Supplemental Information
Panels of Figure 3 with strain names.
Figures 1 through 5 correspond to panels A through E in Fig. 3 but include strain names.
Similarity matrices obtained by LINflow, FastANI, sourmash and pyani for dataset B.
Heatmaps based on hierarchical clustering using the complete linkage method using the similarity matrices obtained with pyani (SF. 6), FastANI (SF. 7), LINflow (SF. 8), Sourmash k = 21 (SF. 9) and k = 51 (SF. 10) for dataset B.
Similarity matrices obtained by LINflow, FastANI, sourmash and pyani for dataset C.
Heatmaps based on hierarchical clustering using the complete linkage method using the similarity matrices obtained with pyani (SF. 11), FastANI (SF. 12), LINflow (SF. 13), Sourmash k = 21 (SF. 14) and k = 51 (SF. 15) for dataset C.
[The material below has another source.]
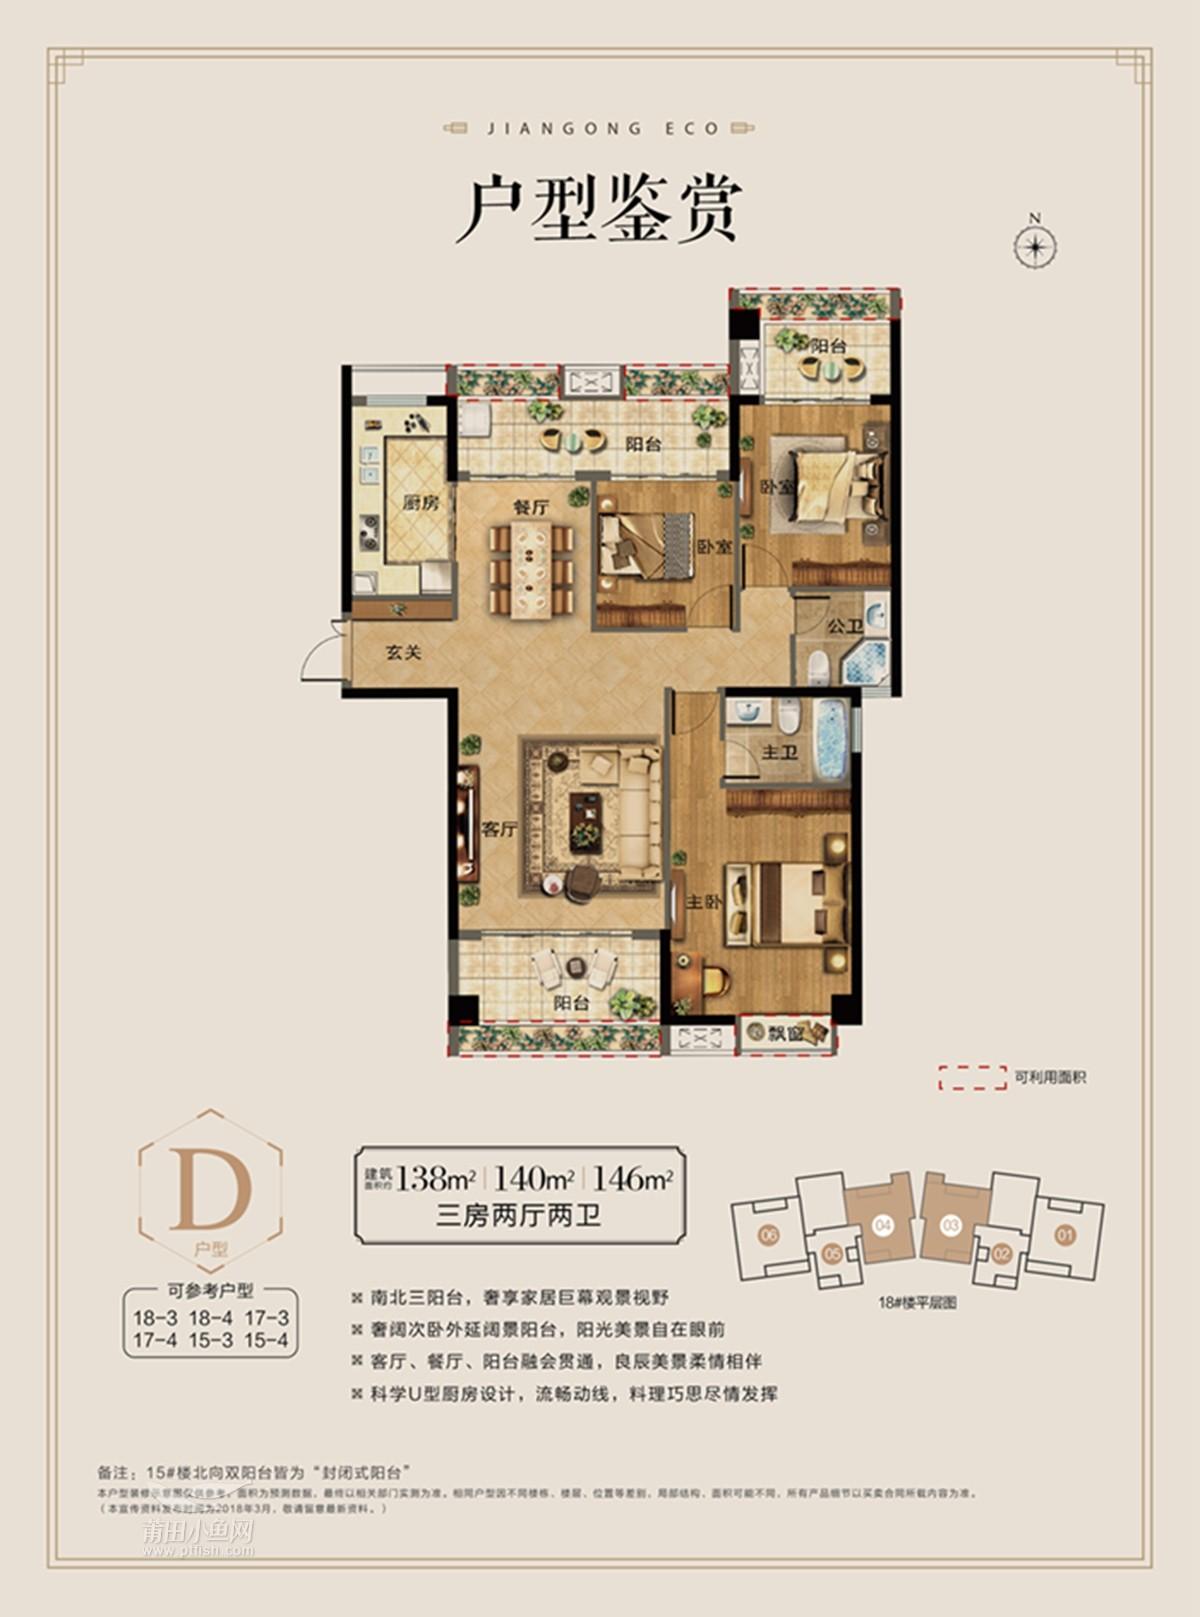 建工·ECO A、F地块   D户型建面约138、140、146㎡(3房2厅2卫)

Similarity matrices obtained by LINflow, FastANI, sourmash and pyani for dataset D.
Heatmaps based on hierarchical clustering using the complete linkage method using the similarity matrices obtained with pyani (SF. 16), FastANI (SF. 17), LINflow (SF. 18), Sourmash k = 21 (SF. 19) and k = 51 (SF. 20) for dataset D.
Genomes of data set A, B, C, D and E and their LINs assigned by LINflow and Cophenetic correlations of hierarchical clustering dendrograms based on similarity matrices generated by different software.
Genomes of data set A, B, C, D and E and their LINs assigned by LINflow are listed in the Table S1 tab. Cophenetic correlations of hierarchical clustering dendrograms based on similarity matrices generated by different software are listed in the Table S2 tab.